The Süddeutsche Zeitung newspaper reported on Saturday that government officials were discussing whether a parliamentary mandate would be needed to send the 170 soldiers which would be needed to staff two Patriot missile units as part of a NATO mission.
The Turkish government said ten days ago it wanted the air defence missiles for its border with Syria, where rockets from the civil-war-wracked country have killed several civilians.
As a NATO member, Turkey can call upon other members to help defend its borders and is expected to do so on Monday.
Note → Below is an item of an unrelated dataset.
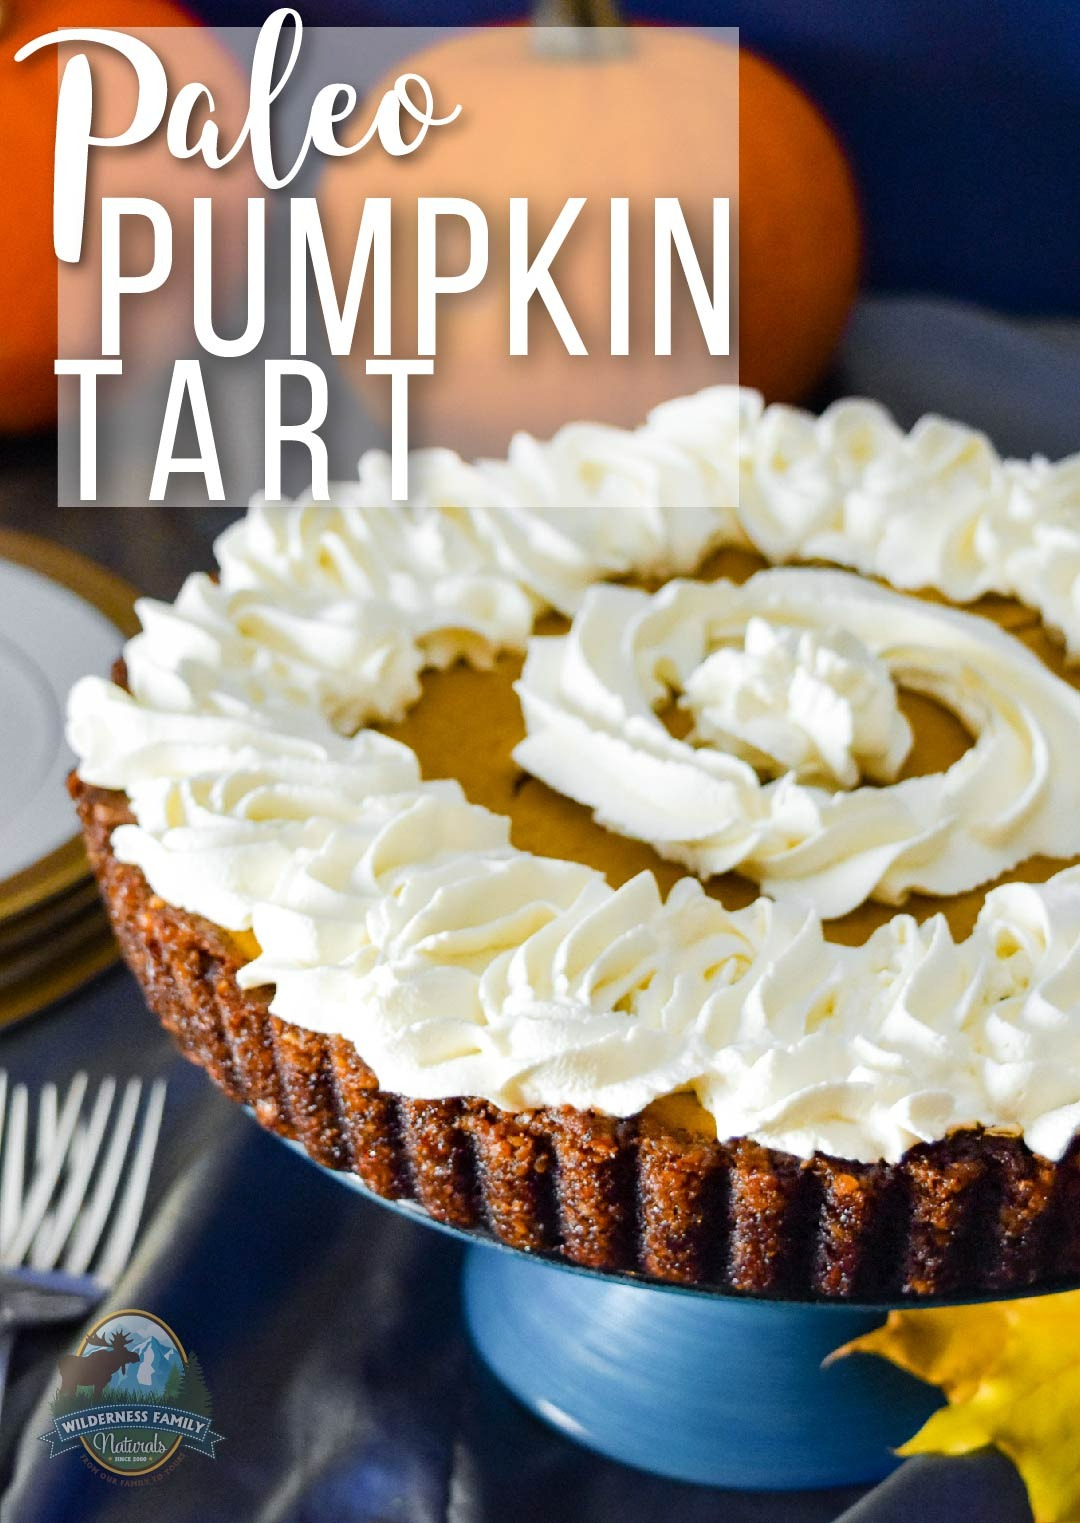 Paleo Pumpkin Tart | Full of holiday spice and cheer, this Paleo Pumpkin Tart tastes so good, no one will notice or care that it's practically health food! Grain-free, gluten-free, and dairy-free, this healthy holiday dessert doesn't lack anything but the bad stuff! | WildernessFamilyNaturals.com

Only three NATO countries the US, Netherlands and Germany - have the most advanced Patriot models, the PAC-3, which can be used against planes as well as rockets, the paper said.
And the German government is convinced it should contribute to such a NATO operation Defence Minister Thomas de Maizière said as much on Thursday after a meeting with French, Polish, Italian and Spanish colleagues, the Süddeutsche Zeitung reported.
De Maizière stressed such an operation would only be to defend Turkey, and that German forces would not take any part in the Syrian civil war.
Initially, because the shift of rockets and soldiers would be within the NATO area, no parliamentary mandate would be needed to move them to Turkey, the paper said. But should the soldiers be in danger of becoming involved in fighting, such a mandate would be necessary and the opposition could demand that in advance.
It remained unclear on Friday how many troops NATO would consider moving to Turkey. Germanys airforce has 24 deployable units, each requiring 85 soldiers. A certain, secret, number of these are registered as ready for action as part of the NATO Response Force, and could be deployed within ten days of an order being given, the paper said.
Turkey's border with Syria has been the site of missile strikes and fighting linked to the Syrian civil war. The government has accepted hundreds of thousands of Syrian civil war refugees, but is having difficulty providing for them and has already asked Germany and other countries for help.
It’s getting that time of the century for Germans to get itchy again.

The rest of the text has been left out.